Thyroid surgery is a definitive treatment option that may be used particularly as an alternative to radioactive iodine during recurrent hyperthyroidism or in uncontrolled hyperthyroidism despite high doses of ATDs. This may also be considered during poorly controlled hyperthyroidism during pregnancy or if there is a suspicion of a coexistent malignant thyroid nodule. Patients with large goiters particularly with compressive symptoms, with poor compliance with ATDs, or with severe ophthalmopathy would also be suitable candidates for a surgical approach. Most surgeons now recommend total or nearly total thyroidectomy rather than subtotal thyroidectomy leaving a few grams of each lobe. A meta-analysis found that thyroidectomy cures hyperthyroidism in more than 90% of cases.[21] Operative mortality these days is rare. However, thyroidectomy is complicated by recurrent laryngeal nerve injury or permanent hypoparathyroidism in 1-2% of patients.[22] Transient hypocalcemia, bleeding, or infections are also potential complications. It results in permanent hypothyroidism in most patients. Surgery is also more costly than therapy with an ATD or radioactive iodine.[23]
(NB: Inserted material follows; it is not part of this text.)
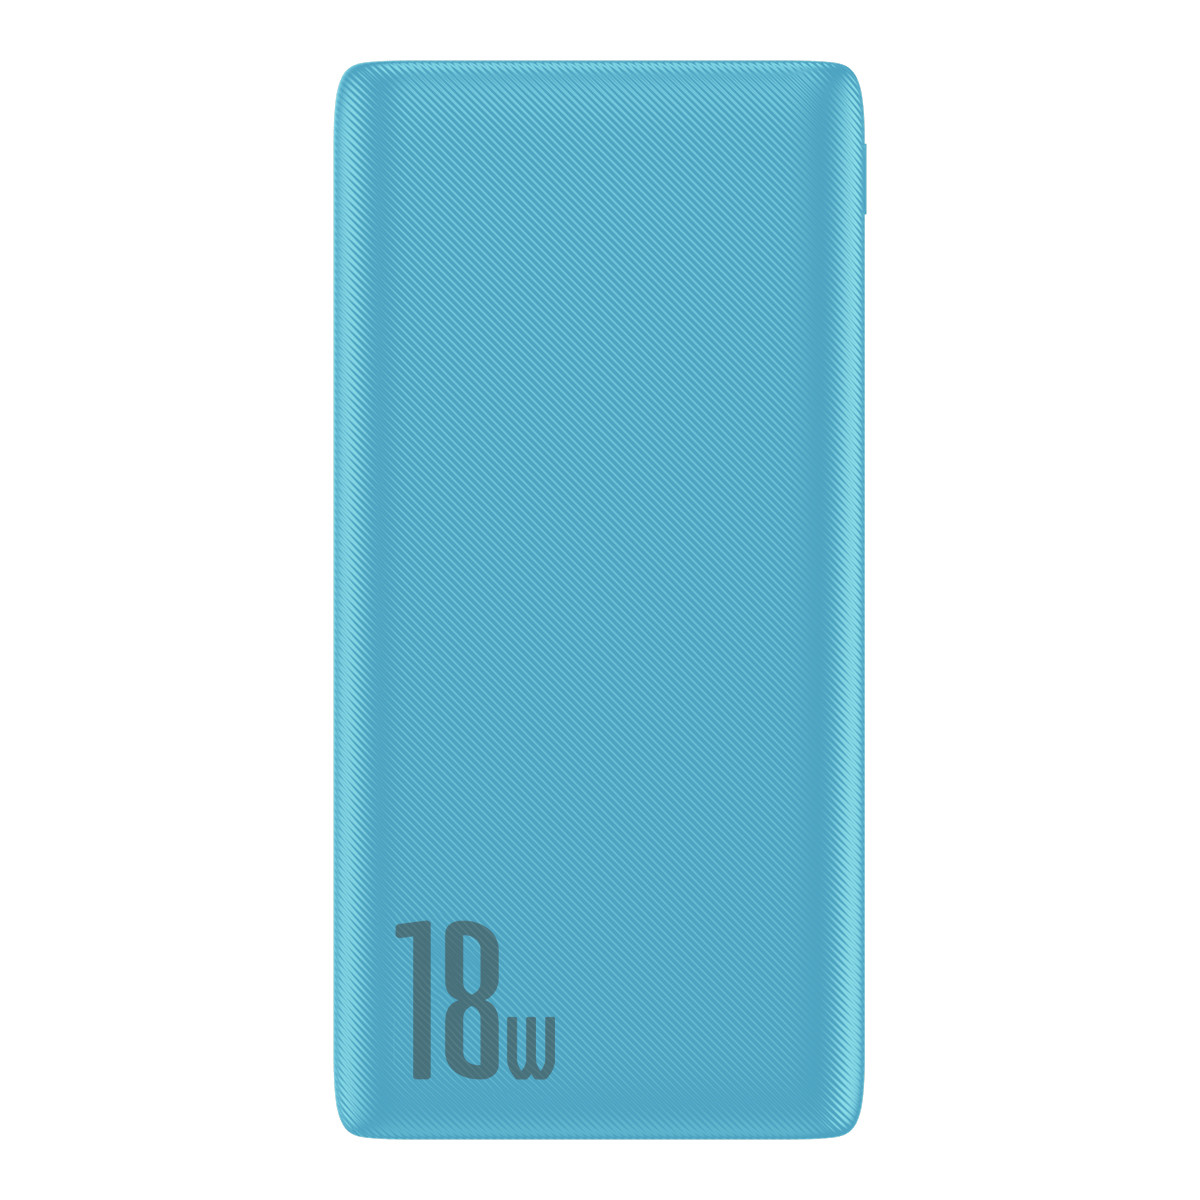 Power Bank Baseus Bipow PD+QC 10000mAh Blue - 4

Recently Sundaresh et al., compared effectiveness of therapies for Graves’ hyperthyroidism in eight studies with 1,402 patients from five continents. Mean follow-up was 57, 64, and 59 months for ATDs, RAI, and surgery, respectively. Network meta-analysis suggested higher relapse rates with ATDs (52.7%, 352/667) than radioactive iodine (15%, 46/304) (odds ratio [OR] 6.25; 95% CI: 2.40-16.67) and with ATDs than surgery (10%, 39/387) (OR 9.09; 95% CI: 4.65-19.23). There was no significant difference in relapse between RAI and surgery. Examination of 31 cohort studies identified adverse effects of ATDs in 692/5,136 (13%) patients. These were more common with MMI, mainly owing to dermatologic complications, while hepatic effects were more common with PTU use. This study concluded that ATDs are associated with relatively high relapse rate in comparison to RAI or surgery, along with a significant side effect profile for these drugs and the current data can help in having informed discussion between physician and patients regarding choice of therapy for Graves’ disease.[24]

To conclude with, we have ample data that addresses the concerns of various treatment modalities in Graves’ disease. In conclusion, the high relapse rate and not so rare fatal side effects seen with ATD therapy compel us to consider other definite modes of treatment for toxic Graves’ disease.